In the listing, locate the line containing "Employees who work", then quote it and all following lines exactly. Omit pictures.

▶ RAW DATA
= = = = = = =

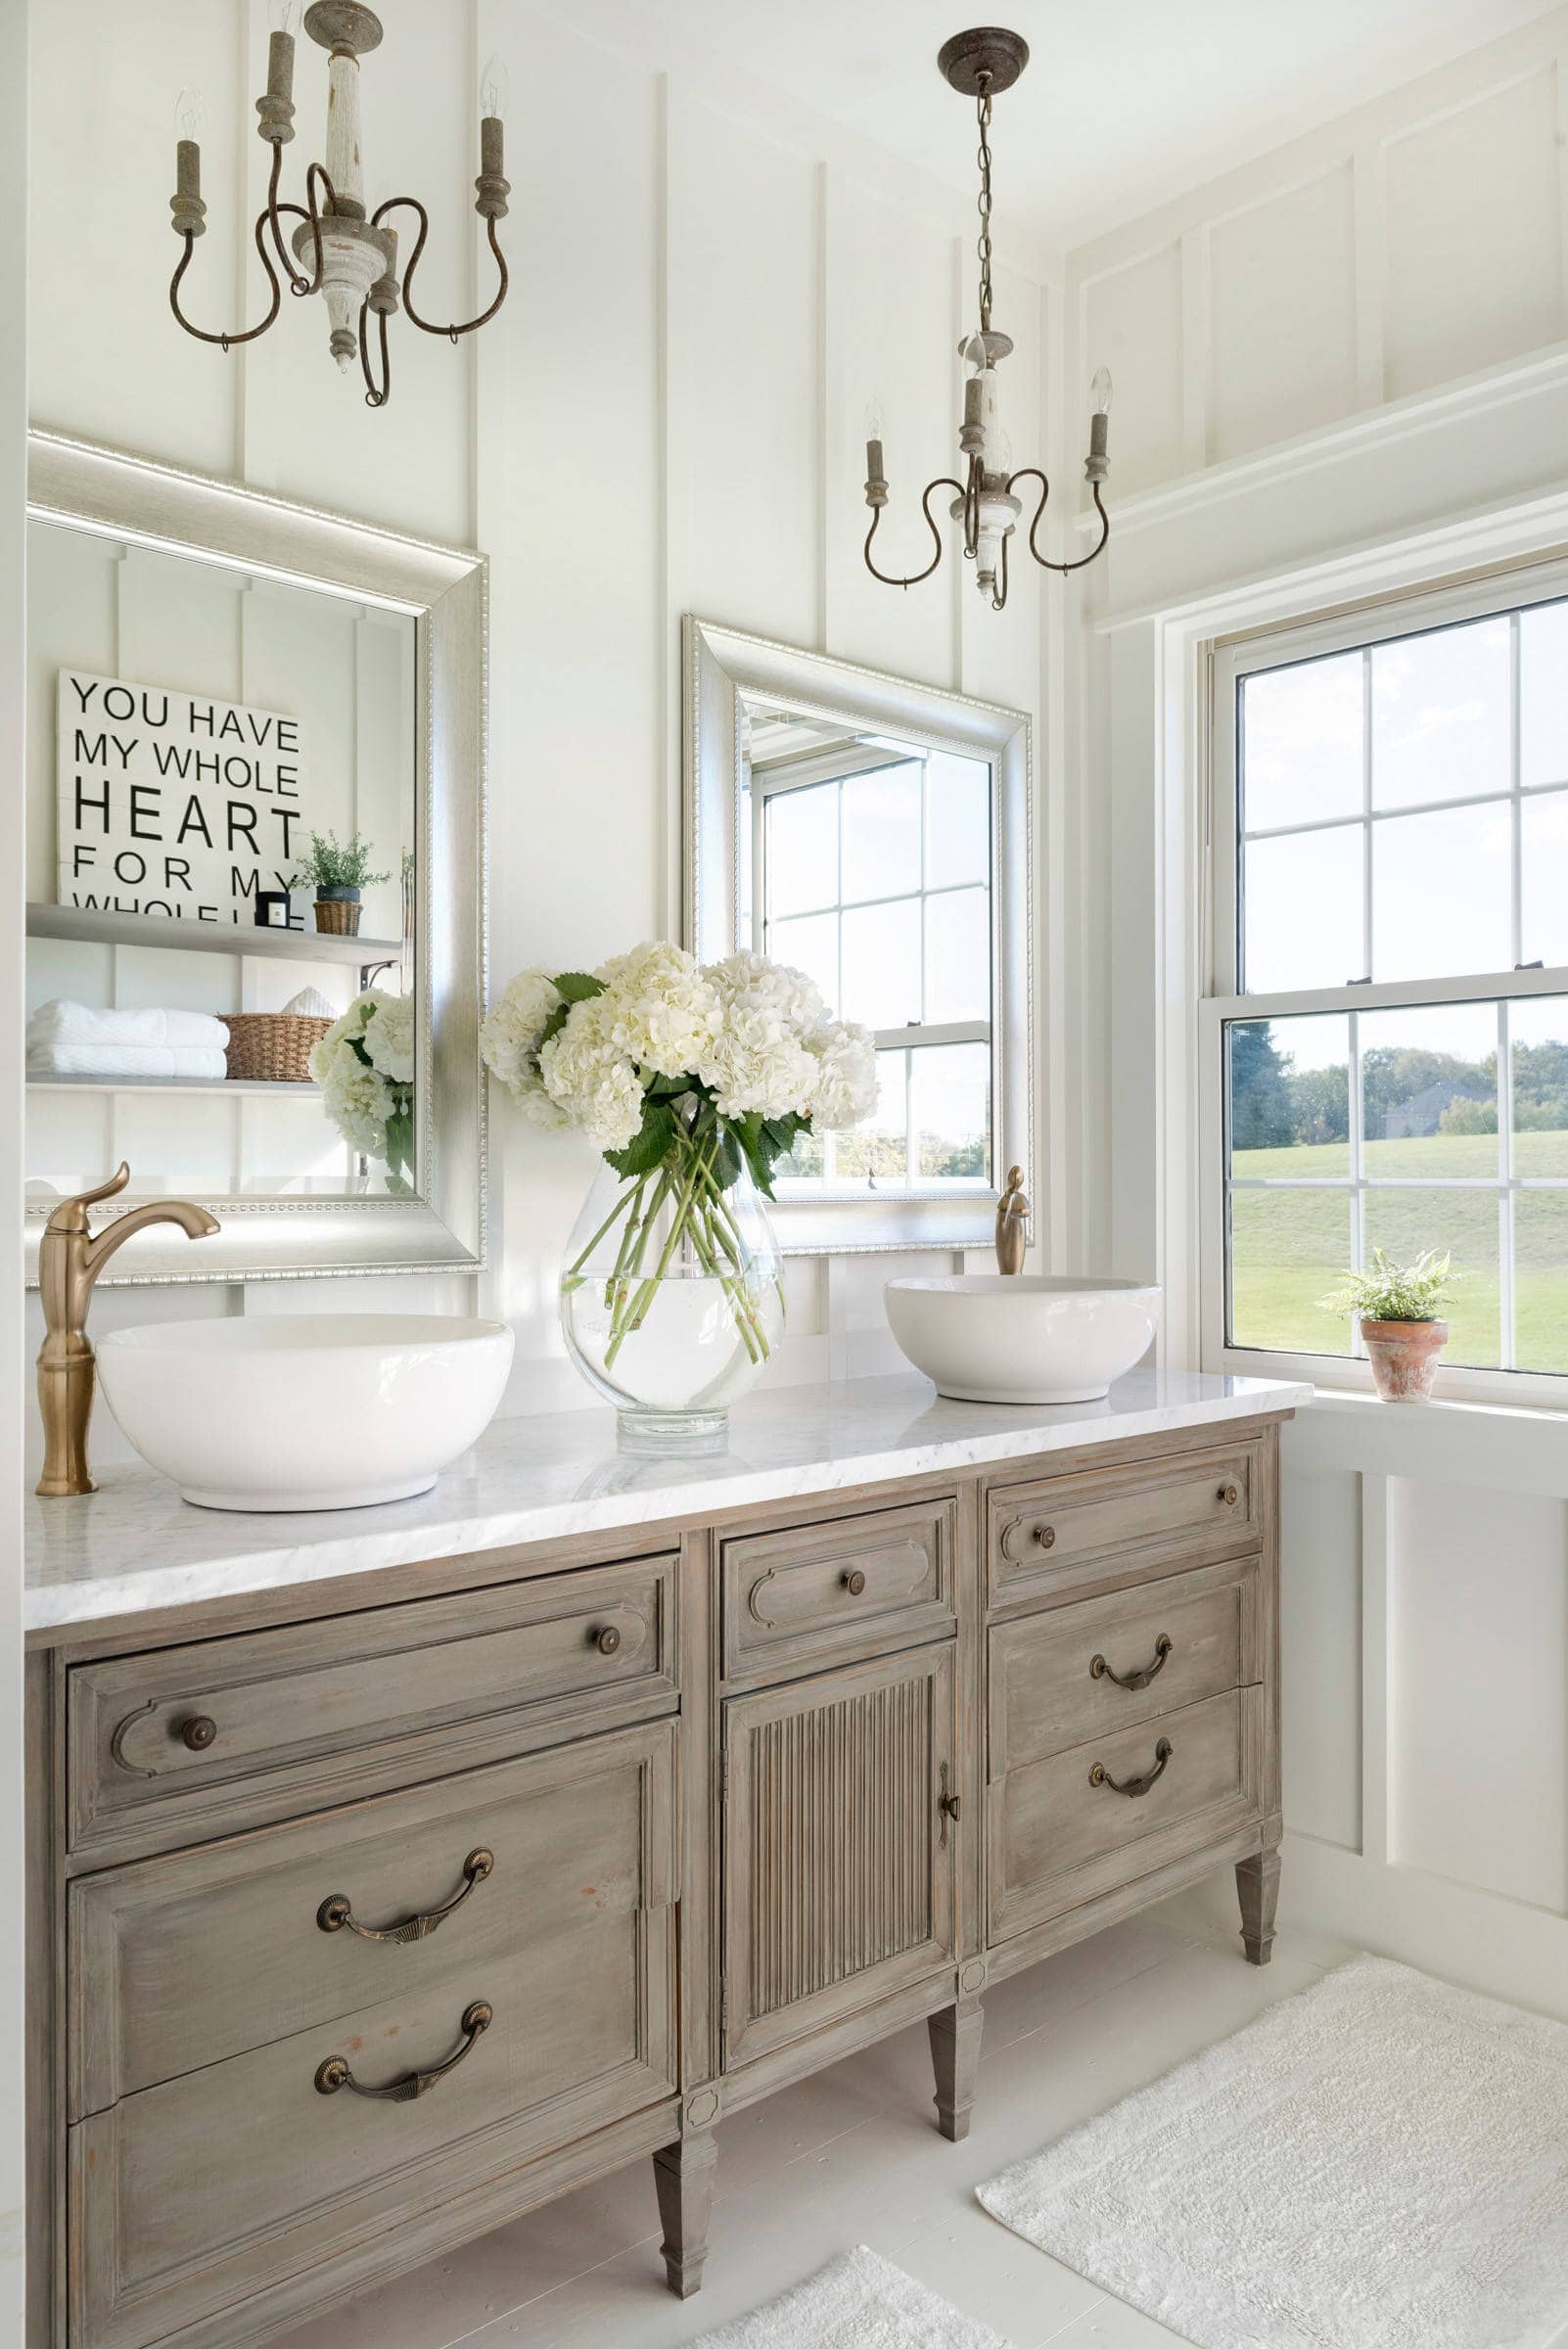 bedroom in a traditional farmhouse style featuring a vintage sink featured in home tour
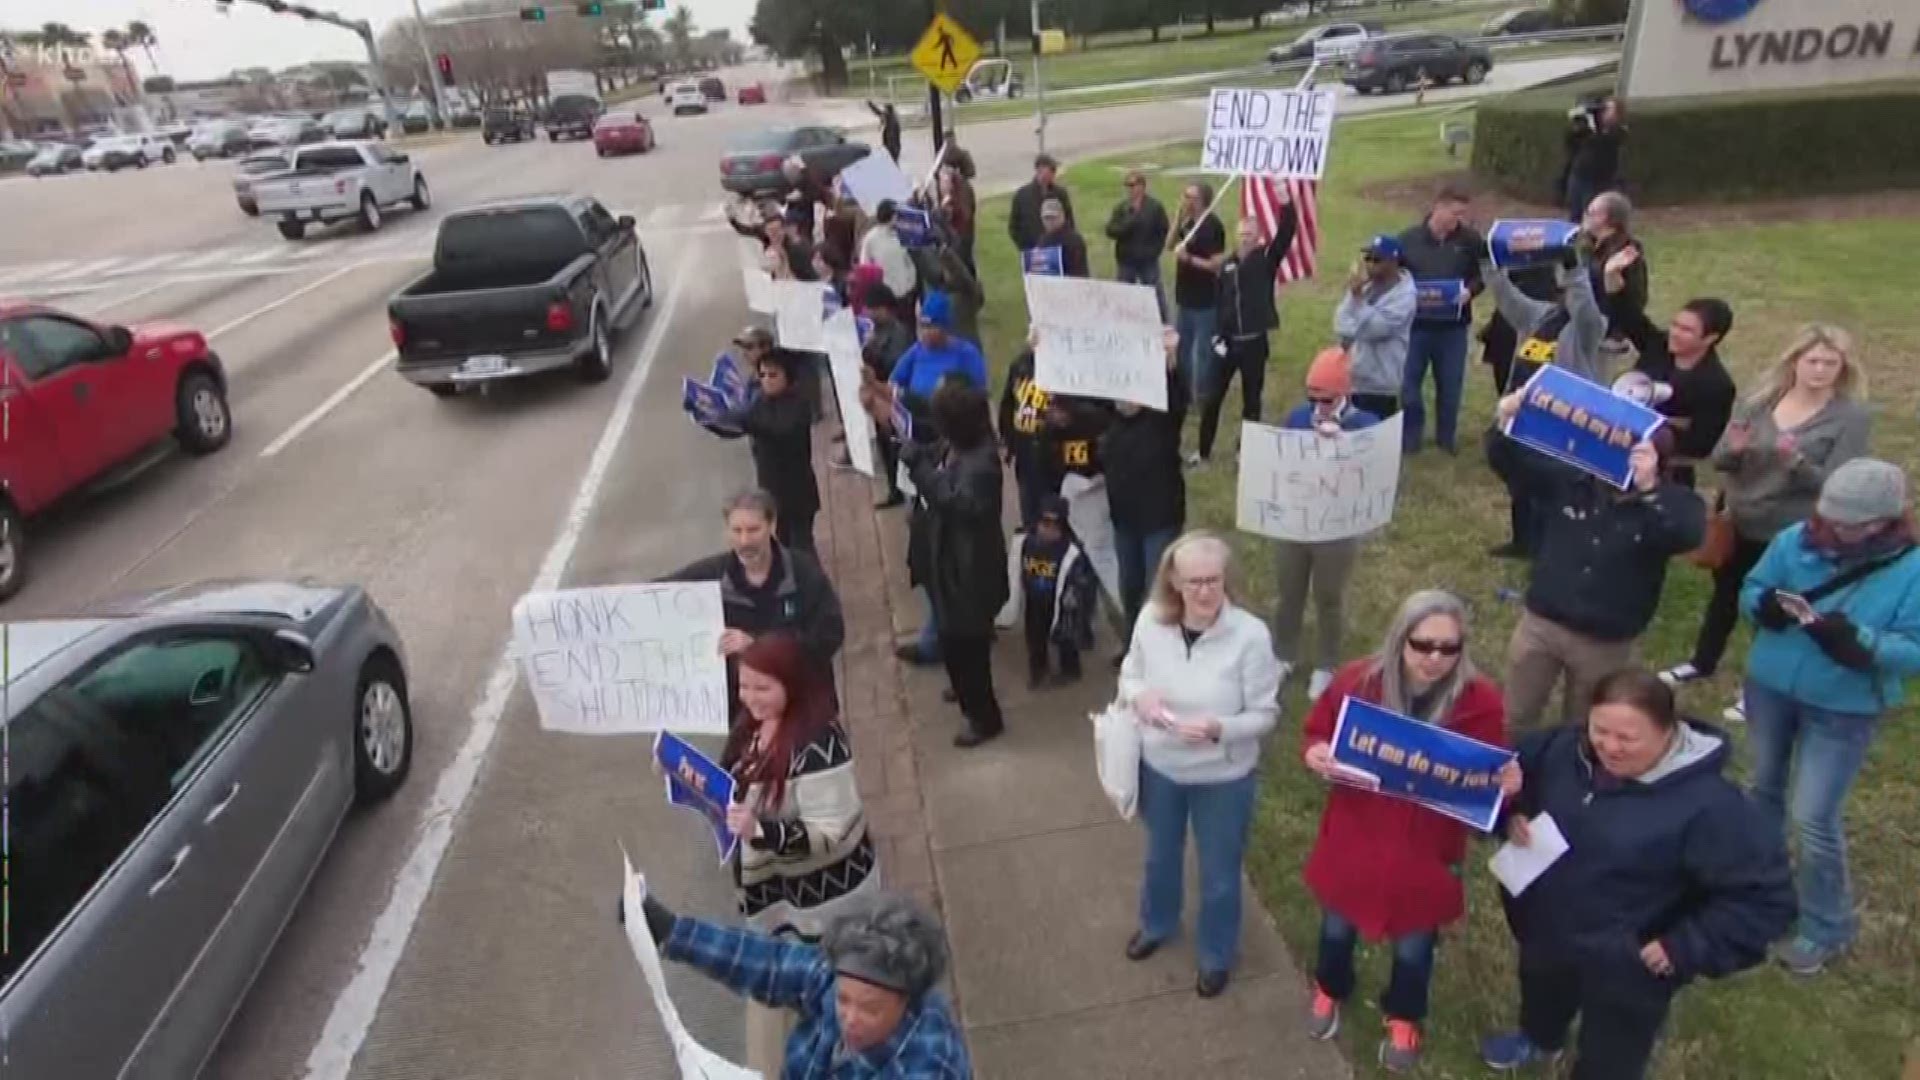 Employees who work for NASA and TSA rallied outside the Johnson Space Center on Tuesday in protest of the ongoing government shutdown.
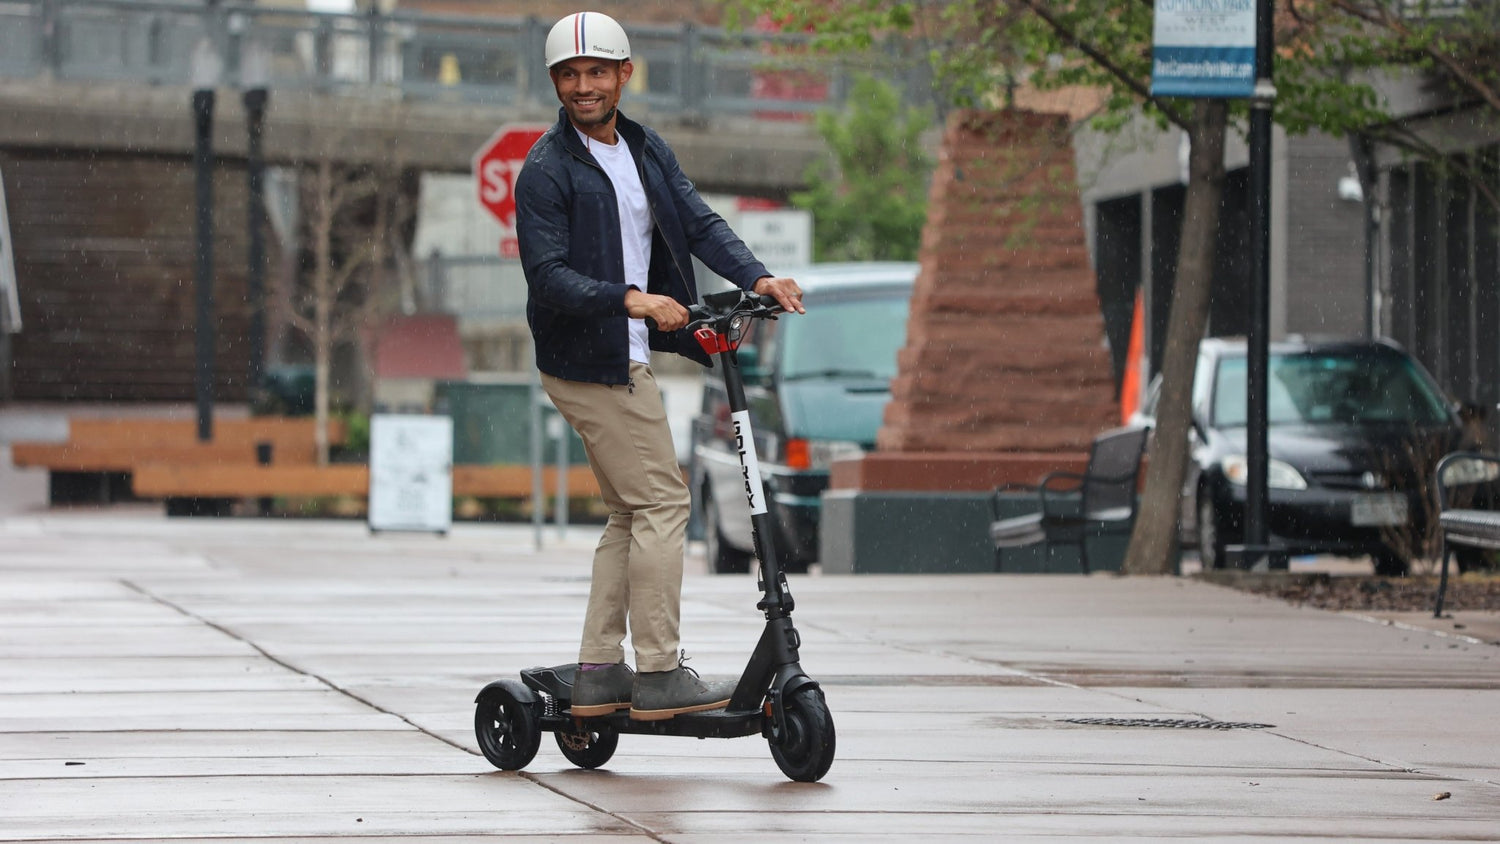 The Ultimate Guide to Electric Scooter IP Ratings - Rider Guide

= = = = = = =

▶ WRITTEN SOLUTION
 Employees who work for NASA and TSA rallied outside the Johnson Space Center on Tuesday in protest of the ongoing government shutdown.
 The Ultimate Guide to Electric Scooter IP Ratings - Rider Guide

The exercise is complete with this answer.